# Is A tohatsu outboard the same as Mercury?



## Demeter (Apr 13, 2006)

I am interested in getting a 6HP outboard for a Soloskiff. I was going to buy a Tohastu, but I can't find any dealers near Austin that sell that brand and I would rather not buy online. I think Cabellas has a 6 HP Mercury. I read that Tohatsu makes the mercury outboards, so is it the same product?


----------



## [email protected] (May 24, 2004)

Not sure whether there is or ever was a Tohatsu-Mercury connection but for sure there was (maybe still is) a Tohatsu-Nissan connection...not sure where I gained the impression, maybe hearsay, but I always understood the relationship was the same as the old Evinrude-Johnson (two names under the same brand).

I purchased a new 50 HP Nissan back in '99 from a dealer at Bee Cave for a scooter boat I was building and I believe there was also a dealer in San Marcos.
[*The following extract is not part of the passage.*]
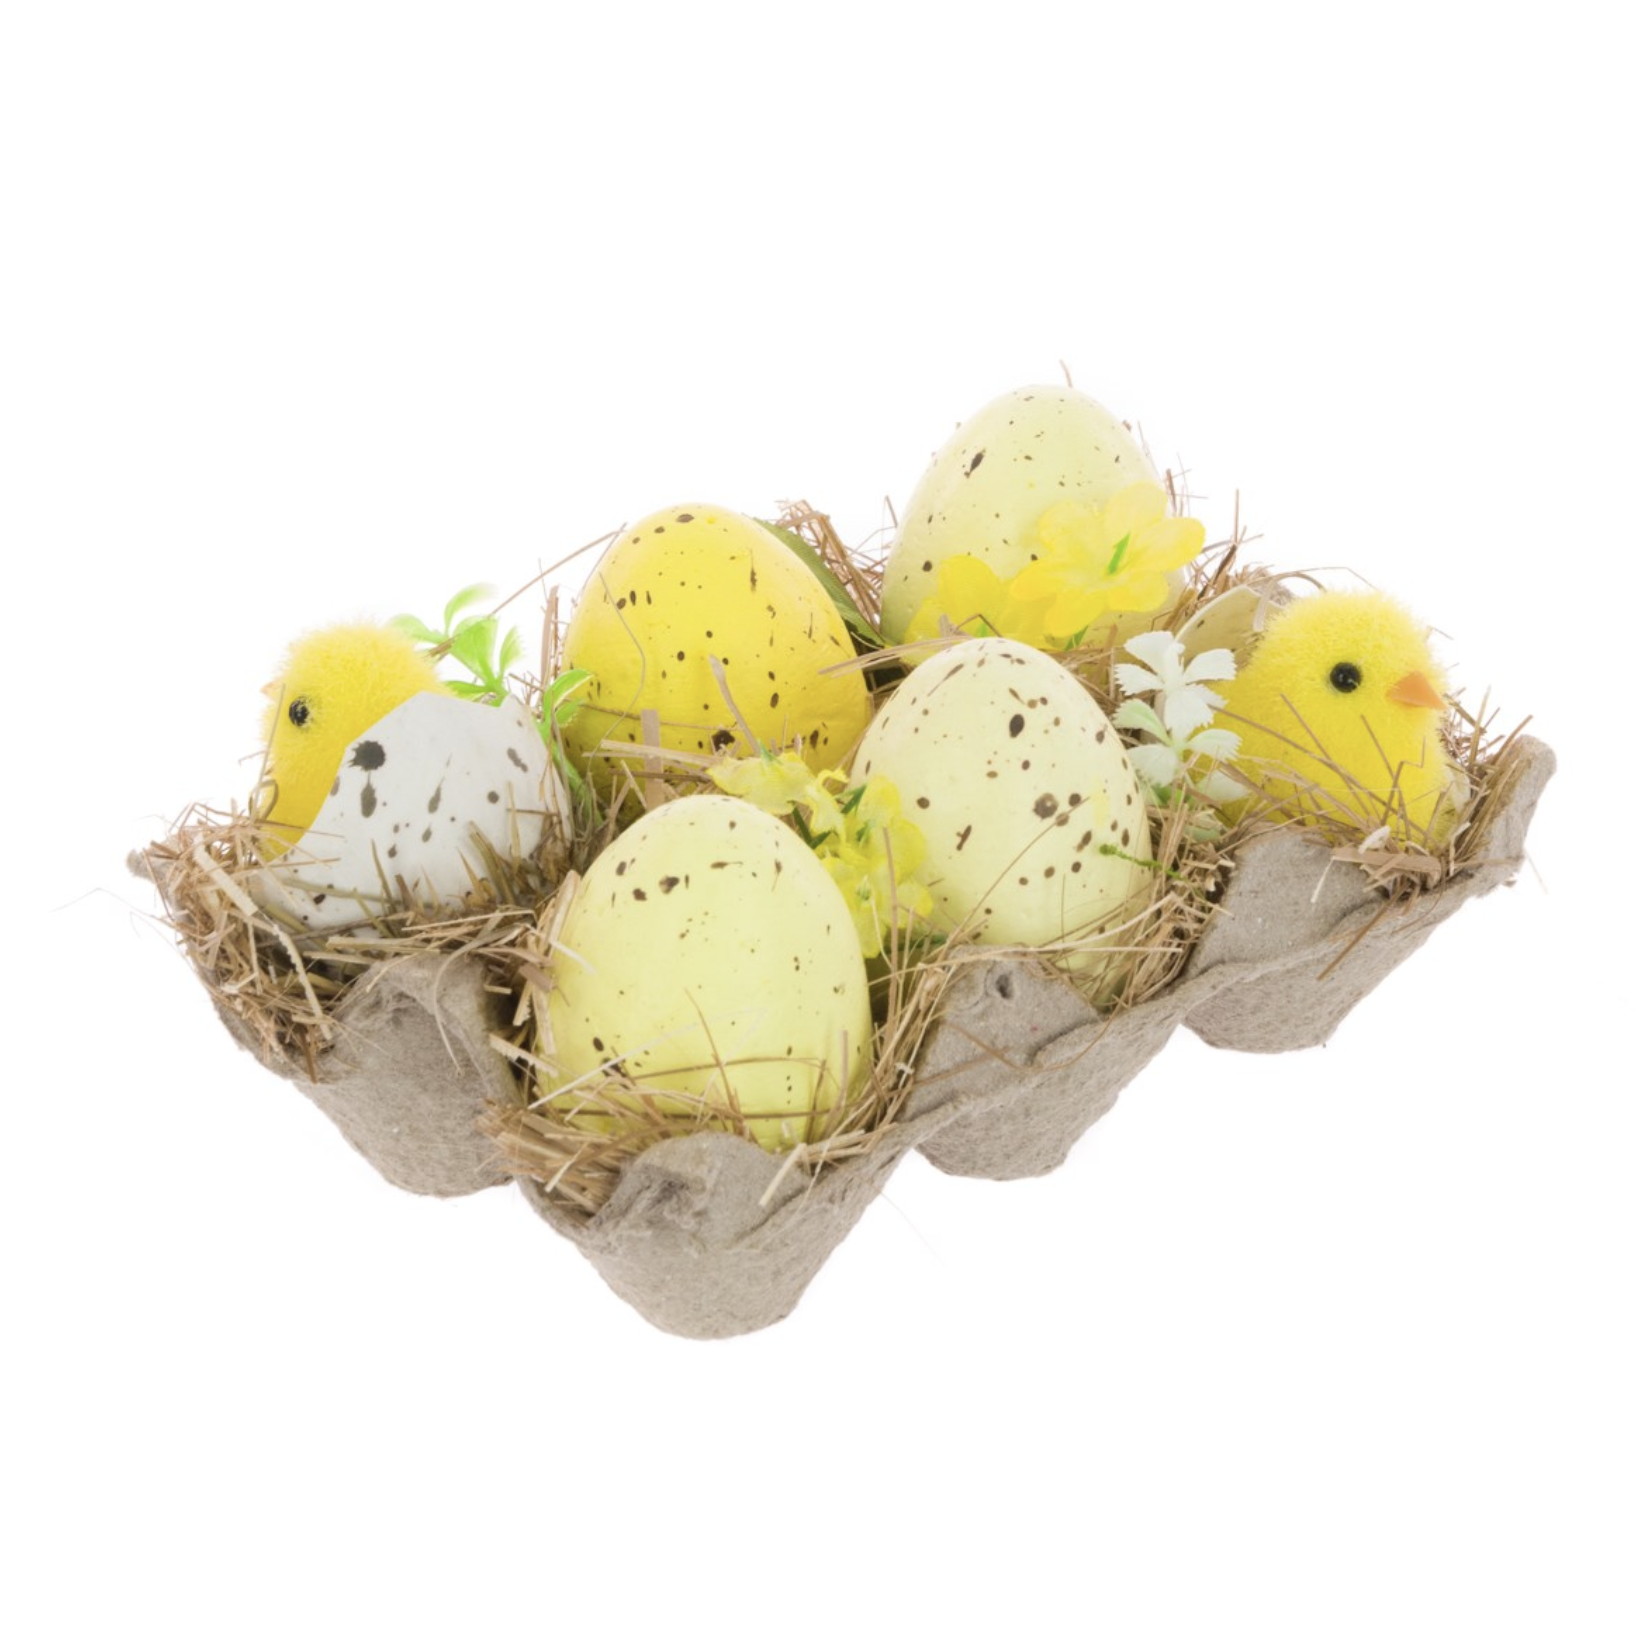 FloralSilk Speckled Eggs with Chicks Novelty Easter Decoration

Not sure whether those guys are still in business but a Google search might be helpful.

FYI that '99 Nissan still runs like a top! Tough little outboard and simple to work on.

EJ


----------



## southpaw (Feb 25, 2009)

Yes I believe Tohatsu still makes all of Mercuries small motors. For awhile I think between around '92-'98 or so either yamaha or tohatsu made small 2-stroke outboards for Mercury, tohatsu and yamaha. The old 6hp yamaha 2 stroke short shafts are awesome. I believe there's a couple of tohatsu dealer in Houston if you don't mind making the drive. 

Where you planning on using that soloskiff? I didn't think those were rated for a 6hp? I have a similar microskiff and would be interested in comparing the two on the water.


----------



## GulfCoast1102 (Dec 30, 2013)

I was told not too long ago that the Tohatsu 150 HP is a rebranded Honda. This came from a dealer that sells them. 
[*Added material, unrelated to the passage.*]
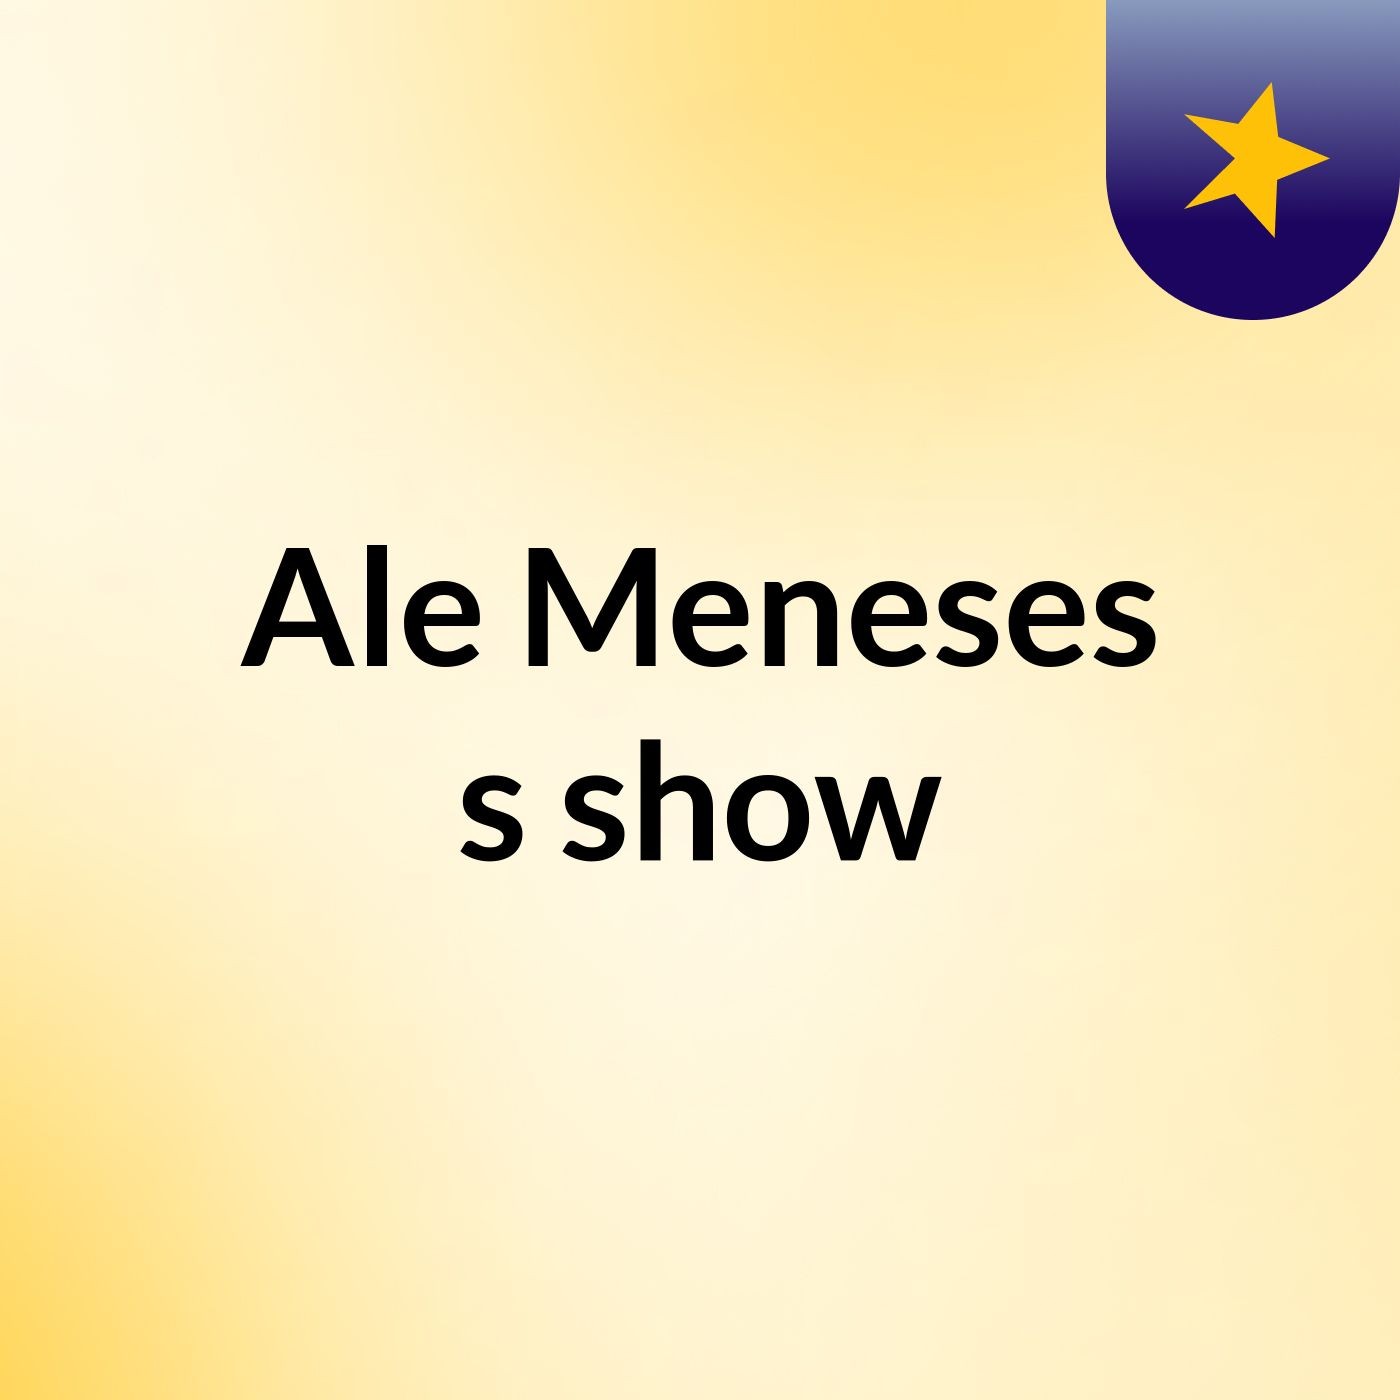 Ale Meneses's show

I was not asking about smaller motors, so they may be a completely different story.


----------



## Bird (May 10, 2005)

My 2006 Mercury 9.9hp 4 stroke is made by Tohatsu. Great outboard.


----------



## JimD (May 25, 2004)

Call Tohatsu and ask. They have wonderful support staff up around Dallas.

The Brand Tohatsu can only be sold in the US up to 115? now. The only difference between Tohatsu and Nissan is the sticker. afaik.. Mercury? Ask.


----------



## GulfCoast1102 (Dec 30, 2013)

JimD said:


> Call Tohatsu and ask. They have wonderful support staff up around Dallas.
> 
> The Brand Tohatsu can only be sold in the US up to 115? now. The only difference between Tohatsu and Nissan is the sticker. afaik.. Mercury? Ask.


I don't believe that is accurate. The following is a response I got from a dealer down in Rio Grande Valley that sells them. I was asking about 150HP outboards at the time.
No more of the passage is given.